Nel mese di giugno dell’anno successivo l’urna contenente le reliquie della Santa vengono portate in processione, con grande solennità, per le vie della città: dove passano i resti della Santa eremita i malati guariscono e si uniscono alla processione.
Il 15 luglio 1625 viene fatto un pellegrinaggio sul Monte Pellegrino, nel primo anniversario del ritrovamento delle reliquie. Da allora a Palermo la festa di Santa Rosalia è celebrata in due date: il 15 luglio (U Fistinu), ossia nell’anniversario del ritrovamento delle reliquie ed il 4 settembre, giorno della sua morte.
L’immagine
Nell’arte popolare Santa Rosalia è rappresentata come giovane e bella, con una corona sul capo di gigli e di rose (un chiaro riferimento al suo nome), vestita dell’abito eremitico, ossia “a sacco”, con cordone; altre volte indossa abiti regali (essendo ella nobile).
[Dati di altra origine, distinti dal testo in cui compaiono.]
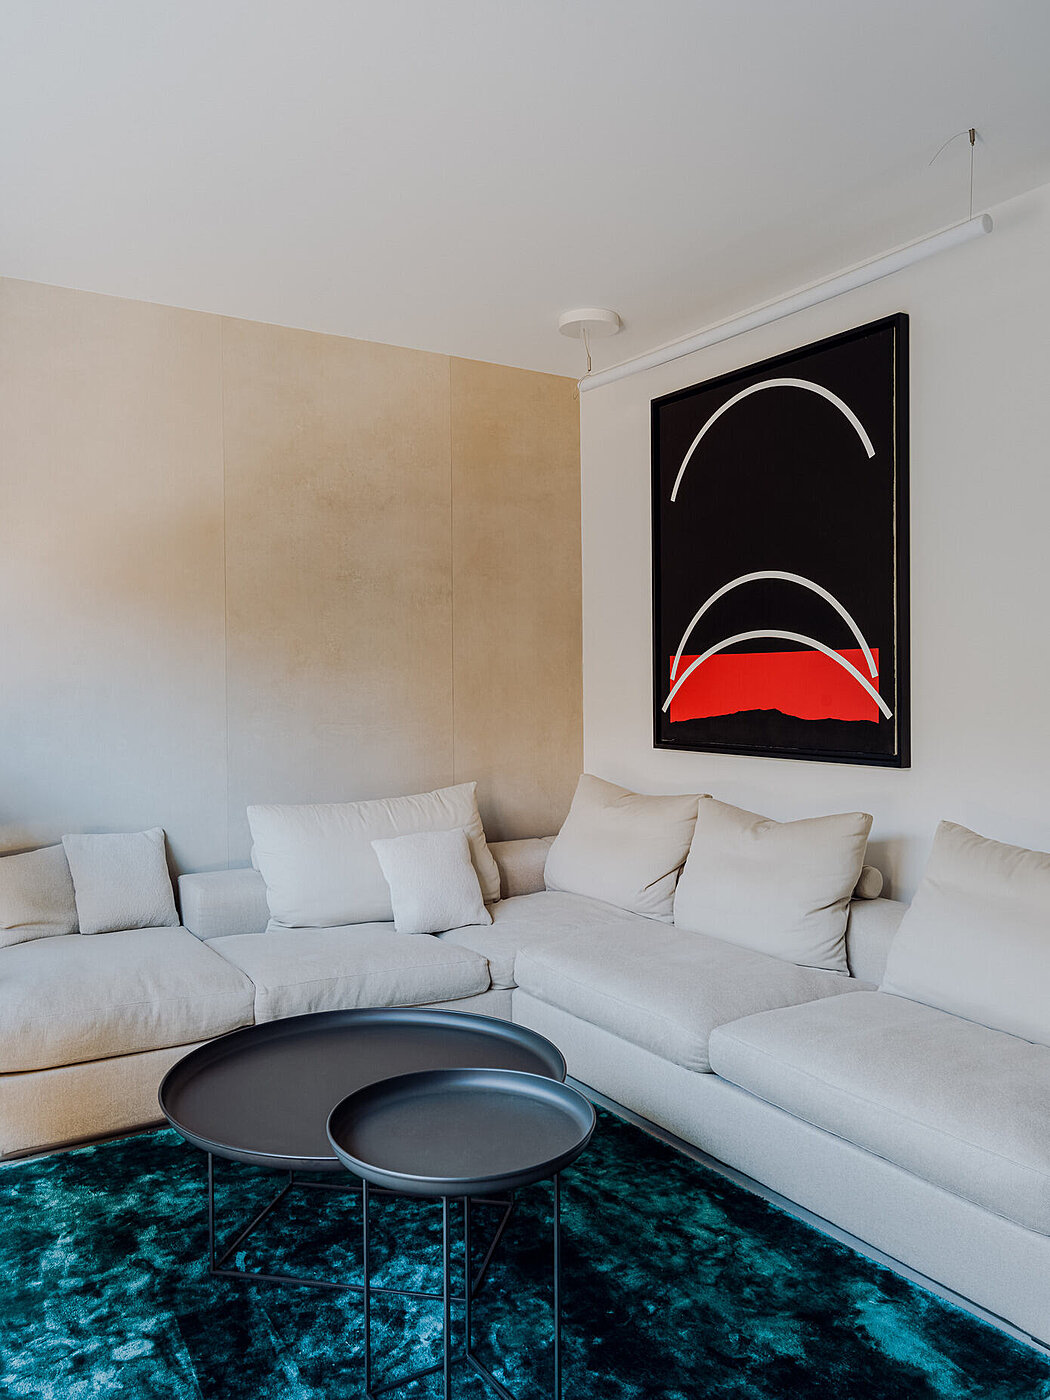 House with Art Poznań: Step Inside a Designer’s Dream - 1

Immancabili sono nelle immagini la presenza del teschio (simbolo della fragilità umana), il libro (che può essere il Vangelo o un libro di preghiere) e la Croce di legno.
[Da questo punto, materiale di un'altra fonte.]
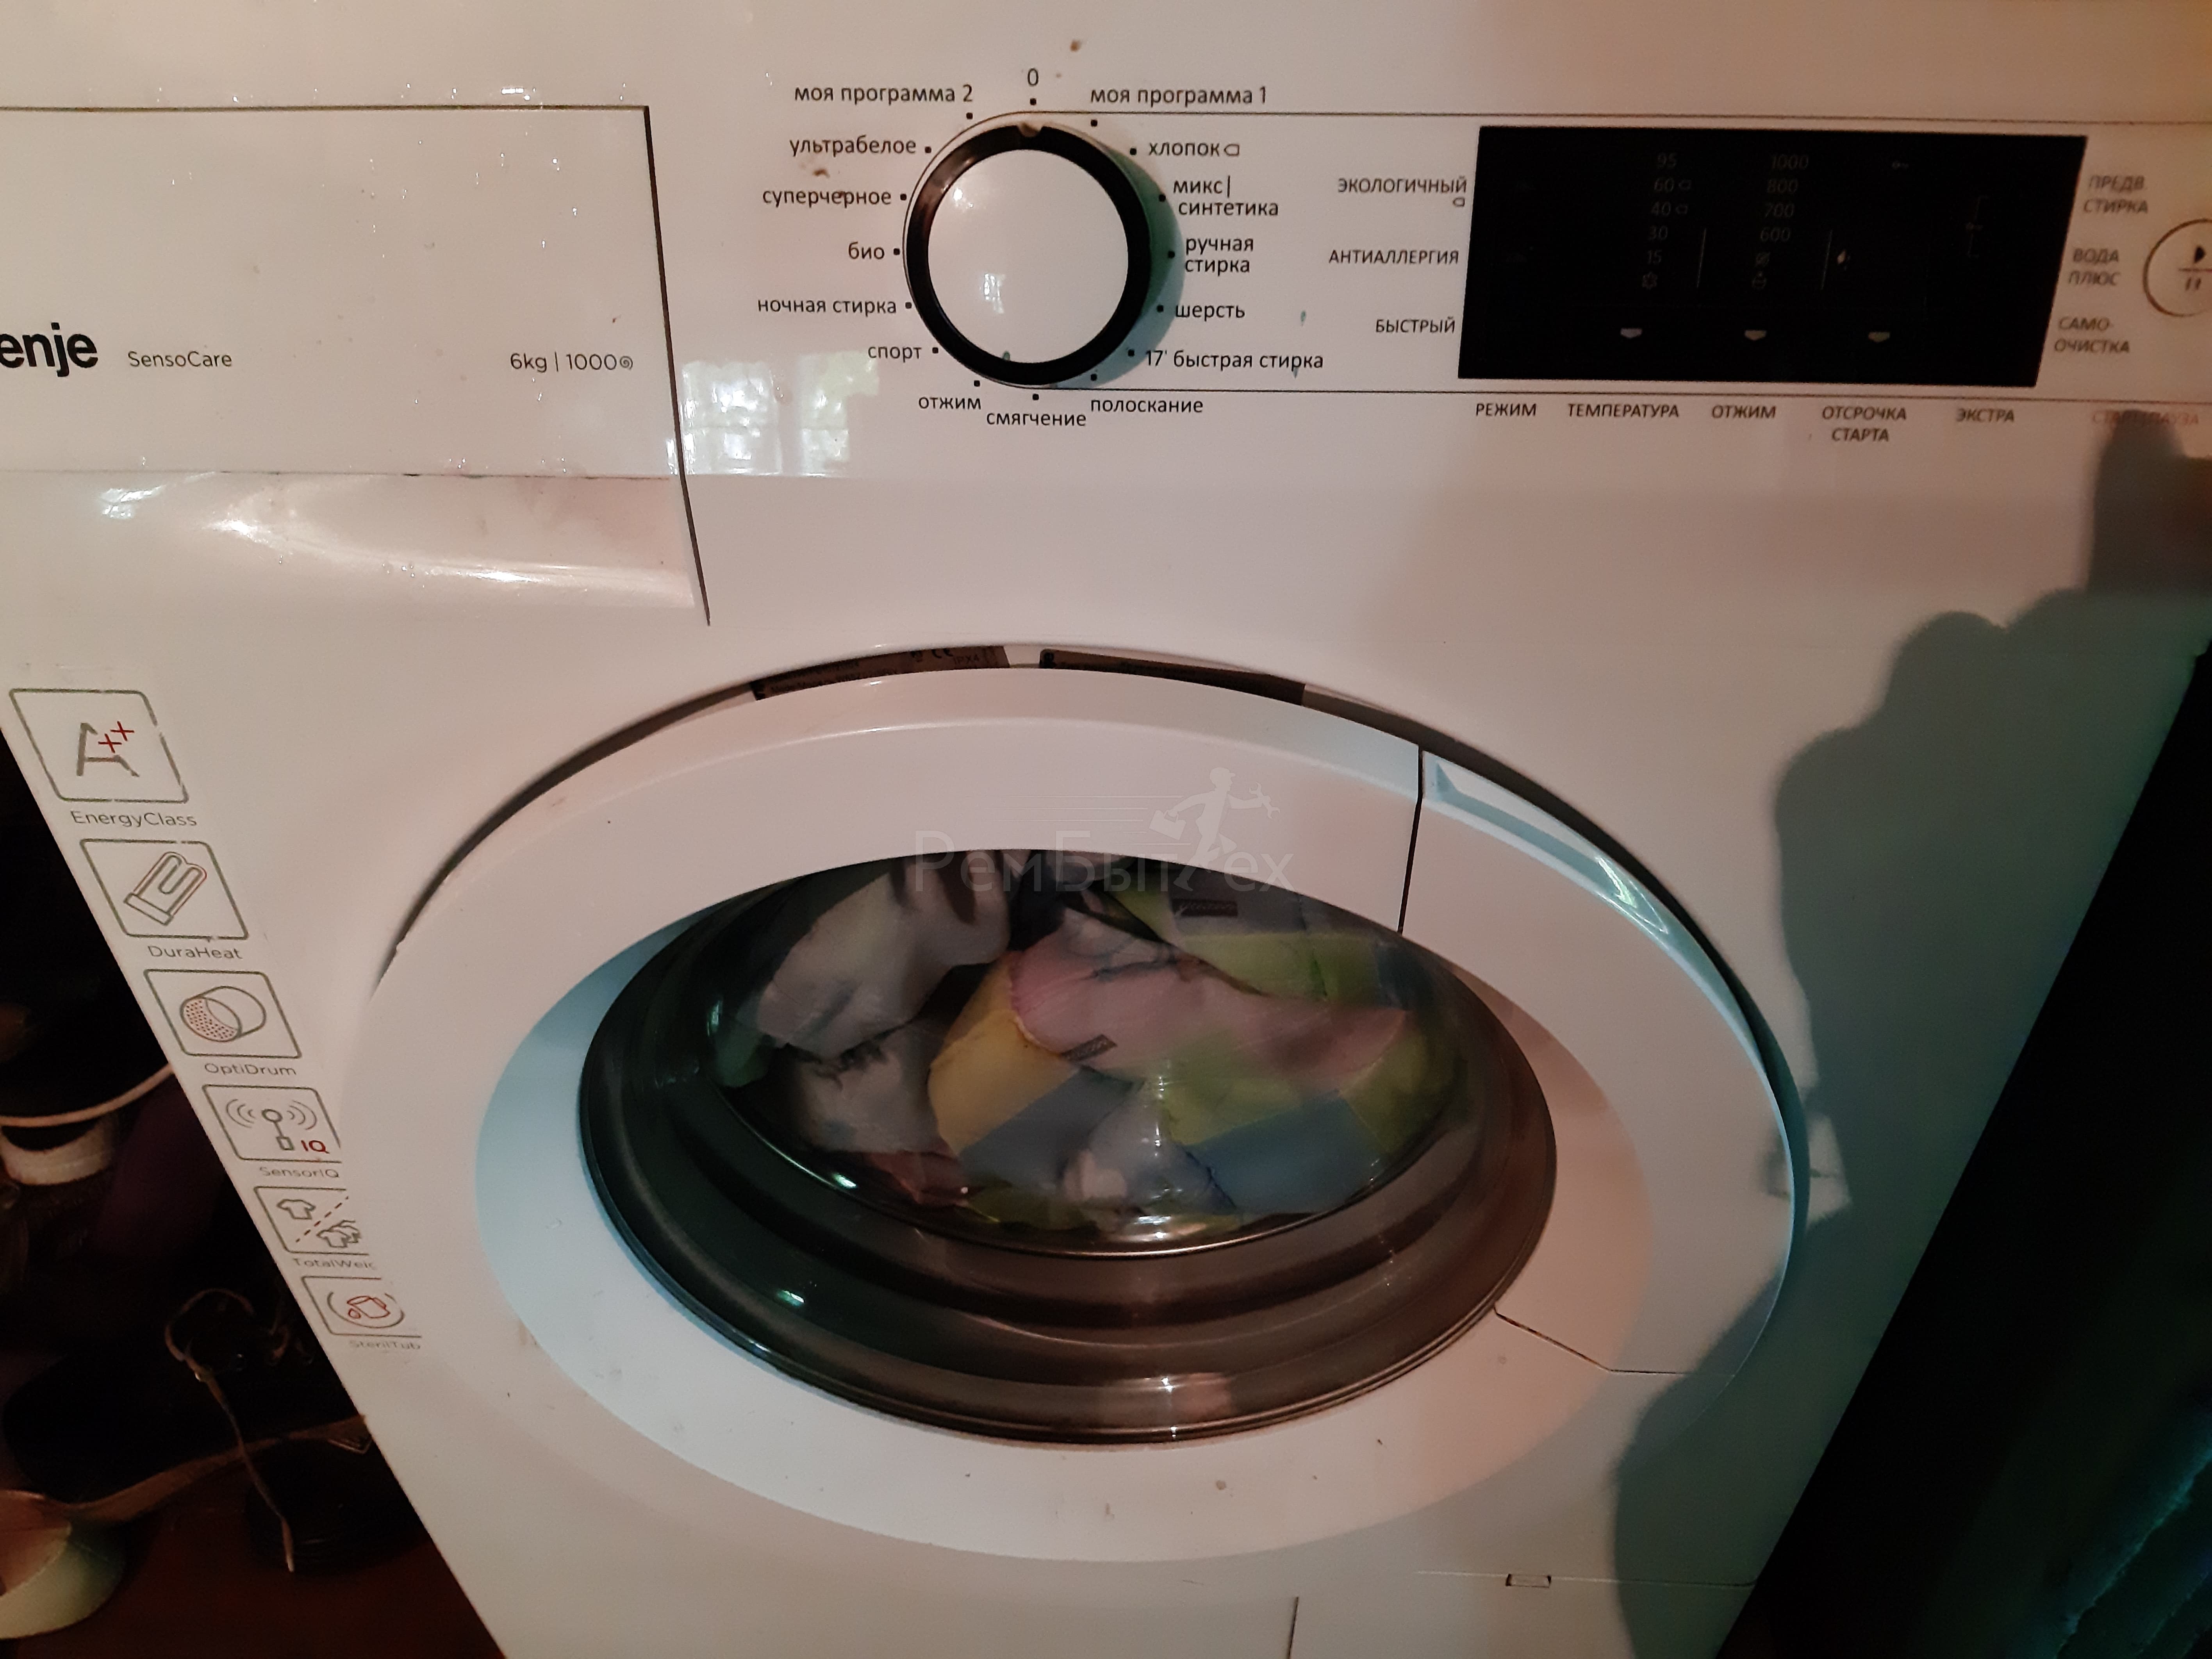 Gorenje стиральная машинка ошибка

Alcune volte sono presenti, nelle raffigurazioni, un bastone da pellegrino (poiché il luogo della sua ultima dimora è stato il Monte Pellegrino: il bastone affidato al pellegrino rappresentava il sostegno di Dio lungo il cammino oltre ad un uso pratico di appoggio op per scacciare eventuali animali), alla cui estremità diventa giglio (emblema di purezza ed un richiamo al suo nome); una conchiglia (anch’essa simbolo dei pellegrini legata in particolare al pellegrinaggio a Santiago de Compostela quale segno dell’avvenuto cammino e come lasciapassare che esentava dal pagamento di dazi); infine è presente una ciotola (poiché insieme alle ossa era presente anche una ciotola).
La festa
“O rosa fulgida
Che dolce olia,
o Giglio candido
spruzzato d’or:
Fiore freschissimo
O Rosalia
Accogli il palpito
Del nostro amor!
Quella del 4 settembre è una data significativa per alcune comunità cilentane, in particolare per San Mango Cilento (frazione di Sessa Cilento) e per Lentiscosa (frazione di Camerota).
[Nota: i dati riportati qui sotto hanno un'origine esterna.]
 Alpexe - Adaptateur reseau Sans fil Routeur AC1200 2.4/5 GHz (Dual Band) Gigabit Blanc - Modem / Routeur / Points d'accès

Singolare è la processione in onore di Santa Rosalia che si svolge a Lentiscosa dove, per devozione e tradizione, giovani ed anziani seguono l’immagine della Santa a piedi nudi, mentre dai balconi vengono lanciati petali di rose.
L’attaccamento di queste comunità verso la Santa è davvero notevole. La festa del quattro settembre costituisce un appuntamento fortemente atteso che suscita nei fedeli sinceri sentimenti di commozione.
Dei morbi contagiosi
Iddio ti fe’ regina
Perciò di tal rovina
Salvaci per pietà
Così i fedeli cantano durante la preghiera della novena che precede la celebrazione della festa del 4 settembre. Tali parole sono veramente appropriate per il singolare momento che l’umanità sta vivendo, ossia la diffusione del Covid-19.
I fedeli elevano alla Santa suppliche e ferventi preghiere affinché, come avvenuto in epoche passate, possa la sua potente intercessione ottenere la fine di questa pandemia ed il ritorno alla tanto desiderata normalità.
«Rischiara con la tua sublime virtù il nostro cammino e ravviva la nostra debole fede», è l’orazione rivolta a Santa Rosalia affinché sia guida nel sentiero della vita, luce nelle tenebre del mondo e sorgente di fede e di amore verso il Signore.